Wildlife photography is a beautiful and exciting career and hobby. You need to prepare yourself for a challenge: while sometimes you’ll run into opportunities right in front of you, more often it requires a lot of patience and time spent exploring the wild. Today, equipment has not only advanced but also become more affordable, so you start-up cost-effective and easy. Here are some tips on how you can get the best results that you’re aiming for.
Emphasize the subject
Make use of visual elements in order to draw the viewer’s attention to the important part of the picture. One of the effective tools for focusing interest on the subject is framing. You can either use the surroundings: tree branches, natural arches and windows, or you can arrange a number of visual elements around the subject. Sometimes the best solution is contrast between the frame and the subject. Another important factor is light: spotlighting or adding brightness behind your subject can draw the viewer’s focus. You can use the light to create silhouettes, depending on the time of day.
Get to know your subject
Since much of your wildlife photography is based upon catching the right moment, it is a good idea to be able to somewhat predict your subject’s behavior. Every animal species has a behavioral pattern that you can observe and learn about, even though it’s not always so easy to do. There is only one good way to do this, and that is to spend a lot of time with them. Be patient, sit with them and watch them closely. A good idea to do this is to start a project. Frame your photographs into a story, and devote your time to it. A well-defined and successfully done project is a good way to get noticed.
Shoot close and shoot wide
Shooting close, by getting face-to-face with your subject or by changing effective focal length by using a longer lens, can result in interesting studies of the animals you photograph, as well as enticing abstract compositional arrangements. However, getting too close to the subject and isolating them from their environment can end up looking like a photo of a captive subject, stripping the viewer of the understanding of the real environment that the animal habituates in. Therefore, shooting at a wider angle is often a better idea, as it lets the viewer in on where you have taken the picture and what is this animal’s habitat in the wild like.
Practice near your home
You don’t always need to travel far in order to make great photographs. There are probably a lot of interesting subjects close to your home, or a short walk or car ride away. Finding a nearby place where you can practice is like finding a no-pressure zone, a place where you can take your time exploring and getting acquainted with different techniques and equipment. Also, by visiting the same location often, you will start noticing subtle changes in nature better, and improve on your photography skills.

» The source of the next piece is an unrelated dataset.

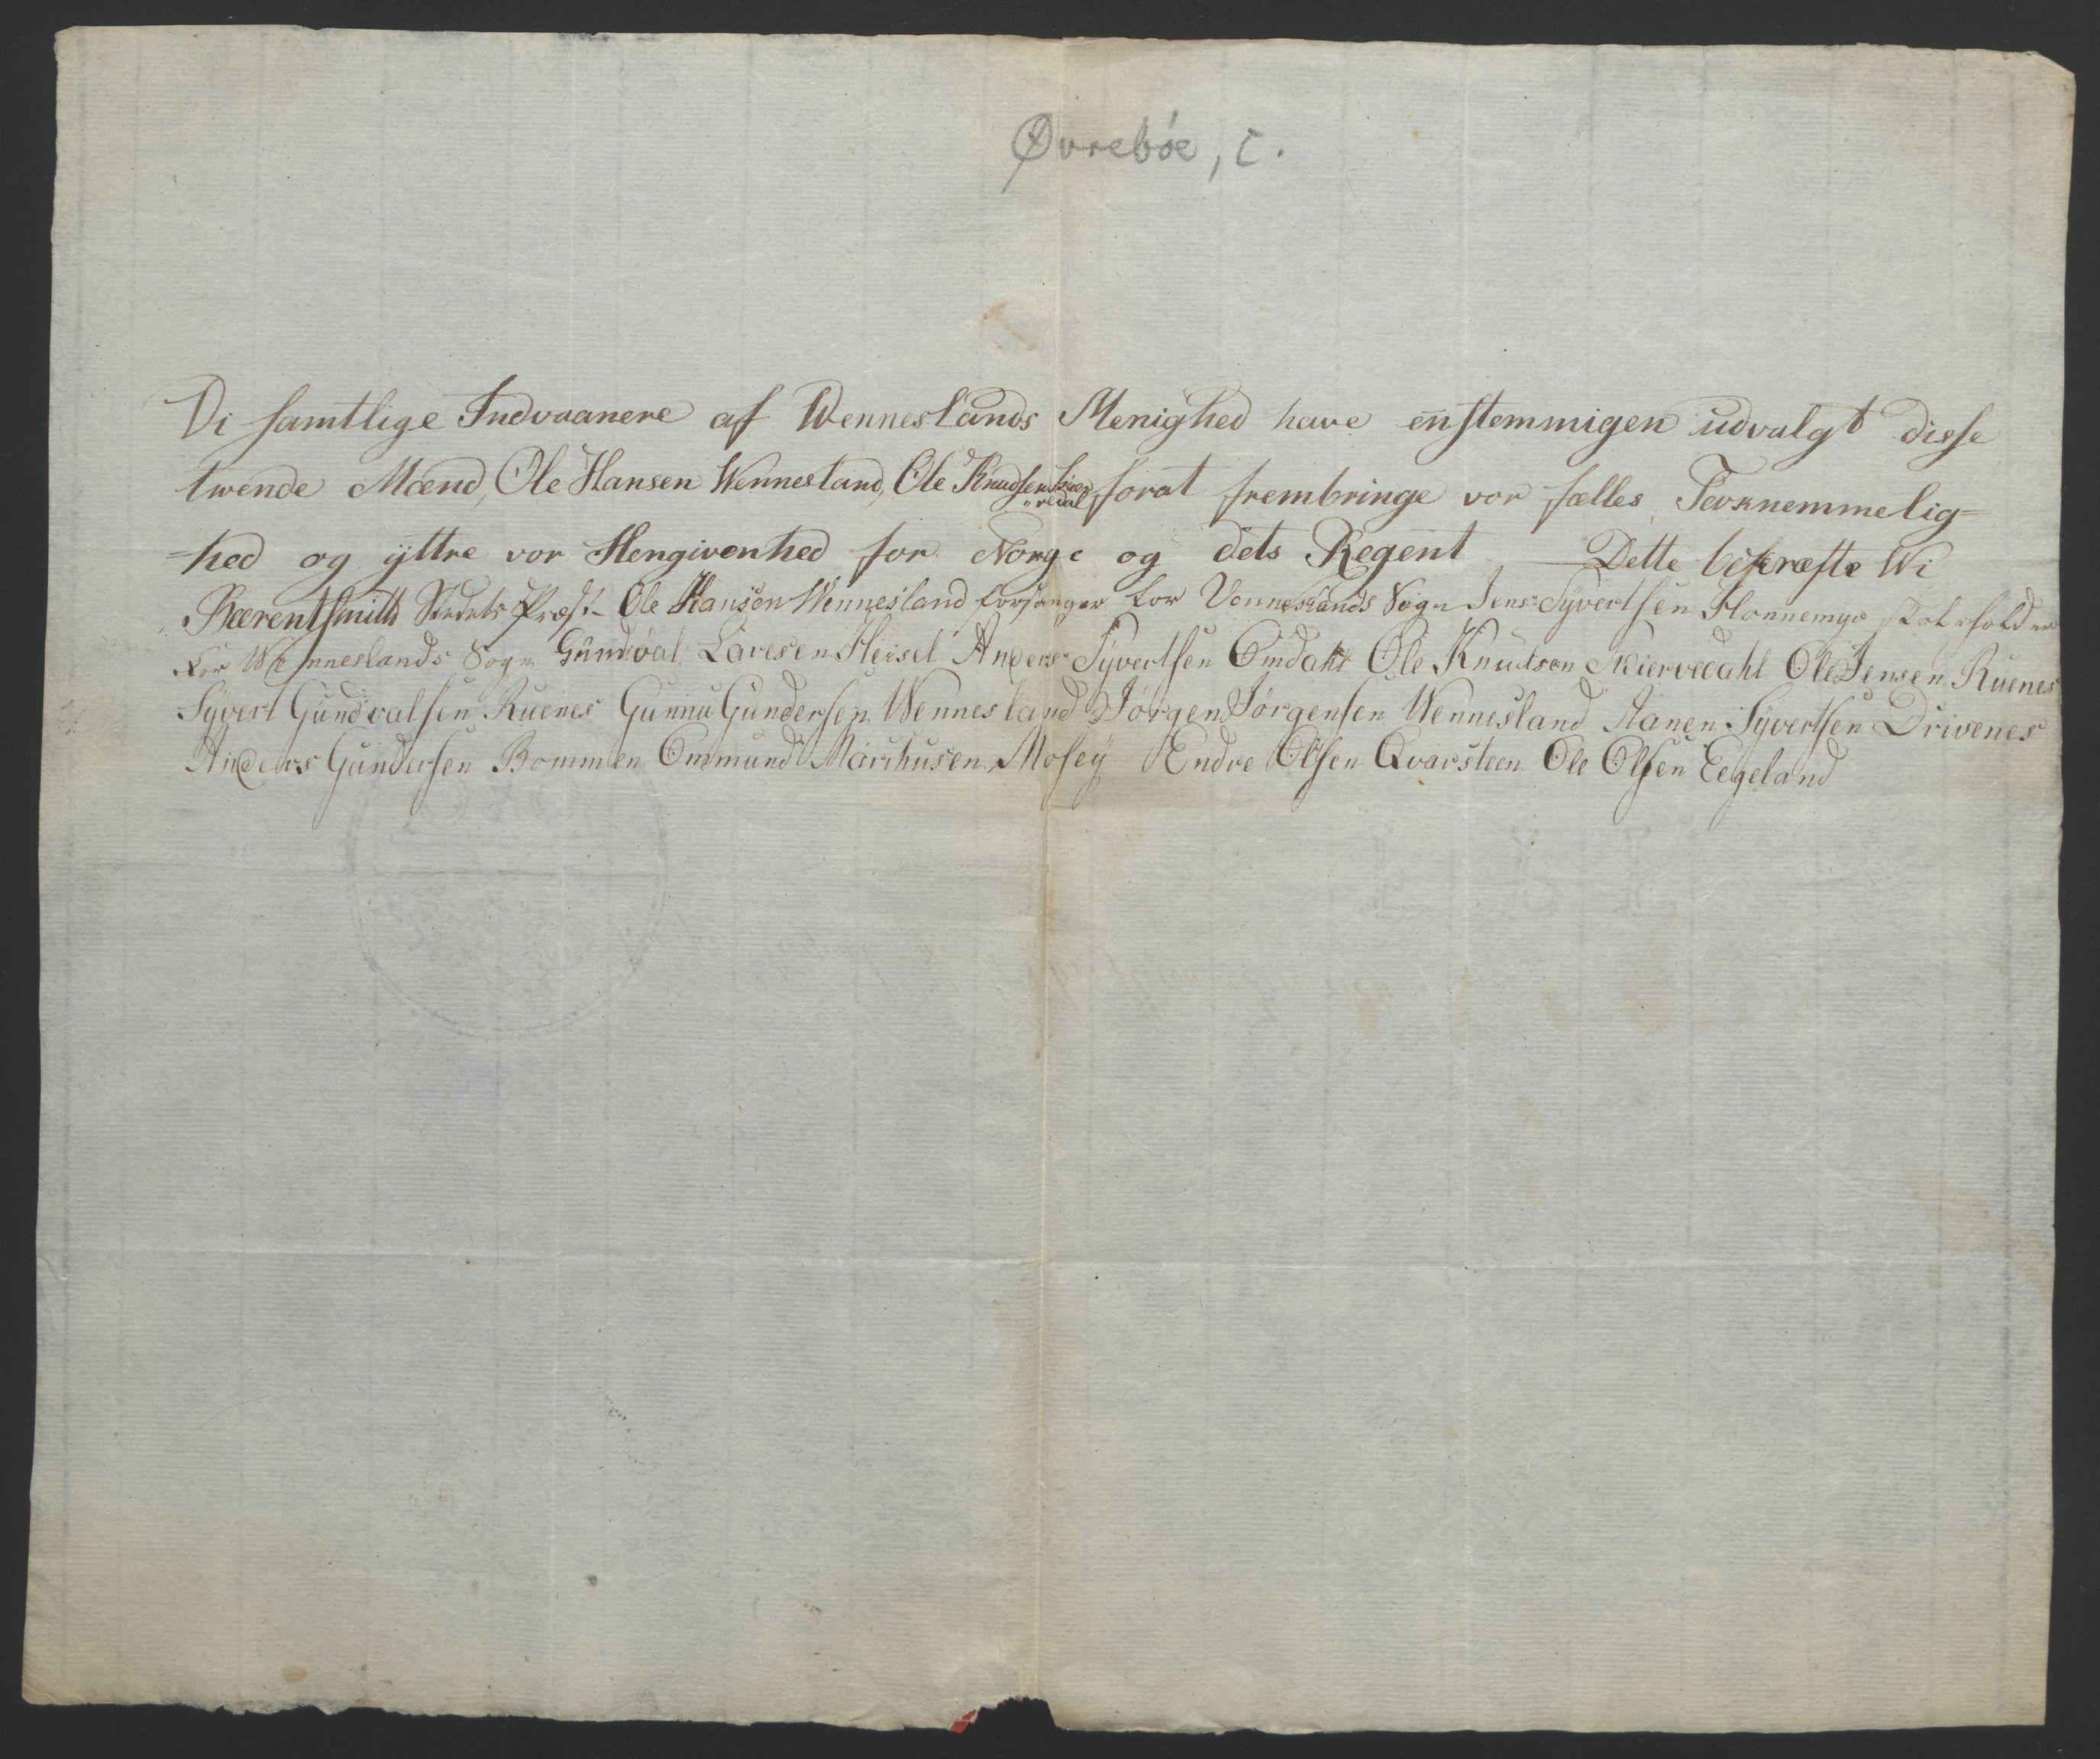 RA, Statsrådssekretariatet, D/Db/L0008: Fullmakter for Eidsvollsrepresentantene i 1814. , 1814, s. 146

Get acquainted with your gear
It may sound obvious, but being well acquainted with your gear is essential. If you keep in mind that some of the best moments you can capture last less than a minute, if you don’t know characteristics and the abilities of your gear well enough, you will either miss or blow your chance to take the perfect picture. For example, you need to know the minimum shutter speed of your camera at which you can take a sharp photo or how far you can push the ISO and still get an acceptable result. Next to being well-acquainted with your camera, you should also pack yourself with all the other necessities, like a comfy camera backpack that will hold your gear, a large and reliable memory card and a sturdy tripod. Make sure that you are well-prepared.

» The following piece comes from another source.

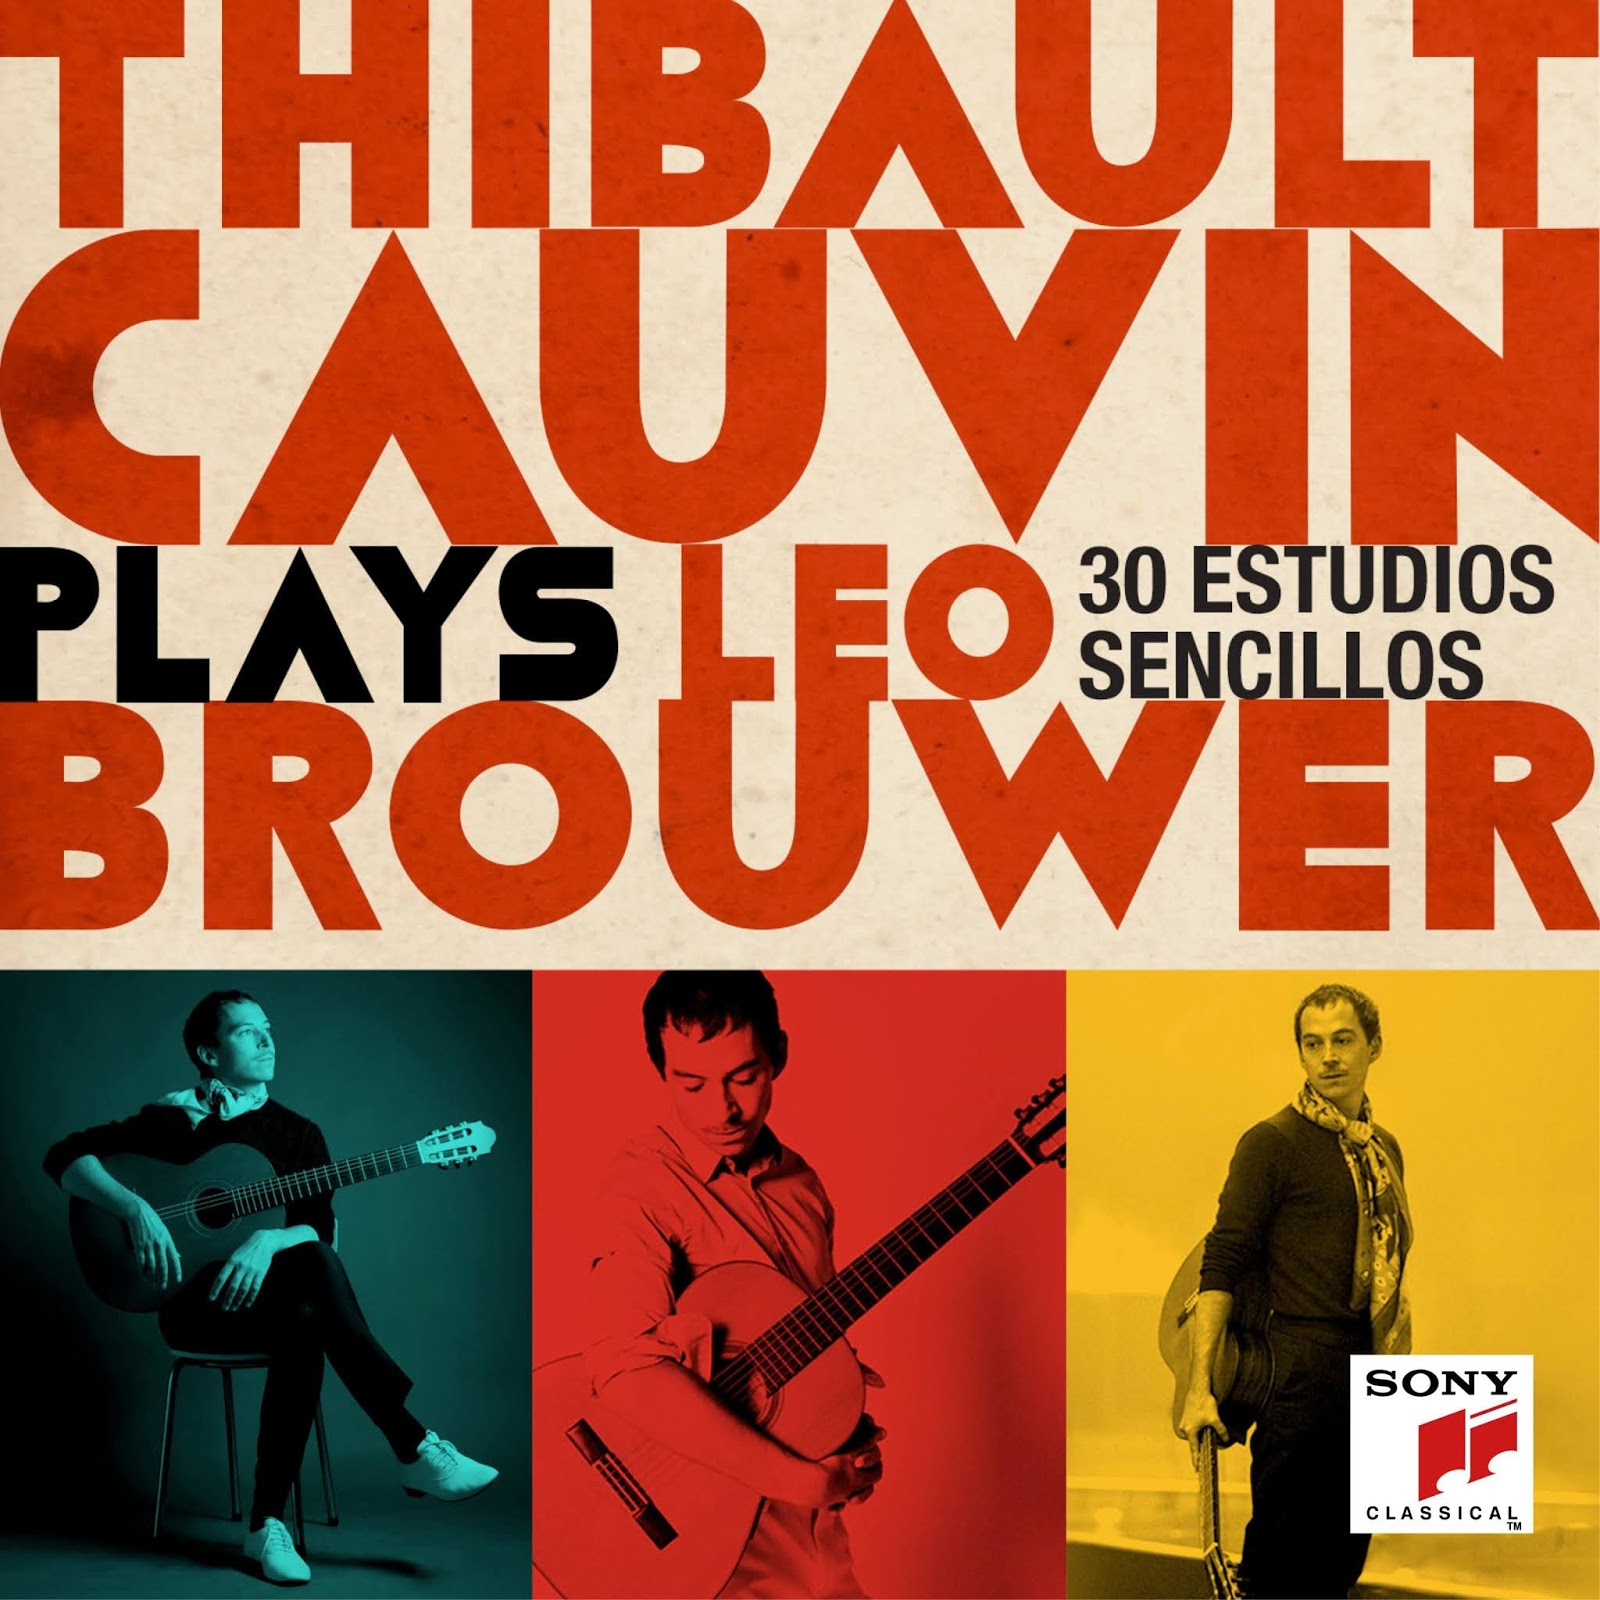 Thibault Cauvin Thibault Cauvin plays Leo Brouwer

Get to the subject’s eye level
The most effective wildlife photographs are those that create a connection between the animal and the viewer. The best way to get this effect is to take the photo at the subject’s eye level, which creates the illusion that the viewer is sharing a moment inside the subject’s world, instead of feeling like an outsider that is looking in. It is really important to get the eyes right. If the eyes are lost in shadow or out of focus, or worse, if the subject blinks or looks away, the connection between the viewer and the animal is severed, and the photography no longer has the same power.
Have fun while taking pictures
In the end, your wildlife photography won’t work if you’re not enjoying it. You need to be more than just at the right place – you need to be in the moment, taking in the wonderful event that you are witnessing, without obsessing too much with technical issues. And of course, don’t let your project get you down. You will miss some shots, and you will have days when you just won’t be able to get the picture that you want. Remember that wildlife photography is all about patience.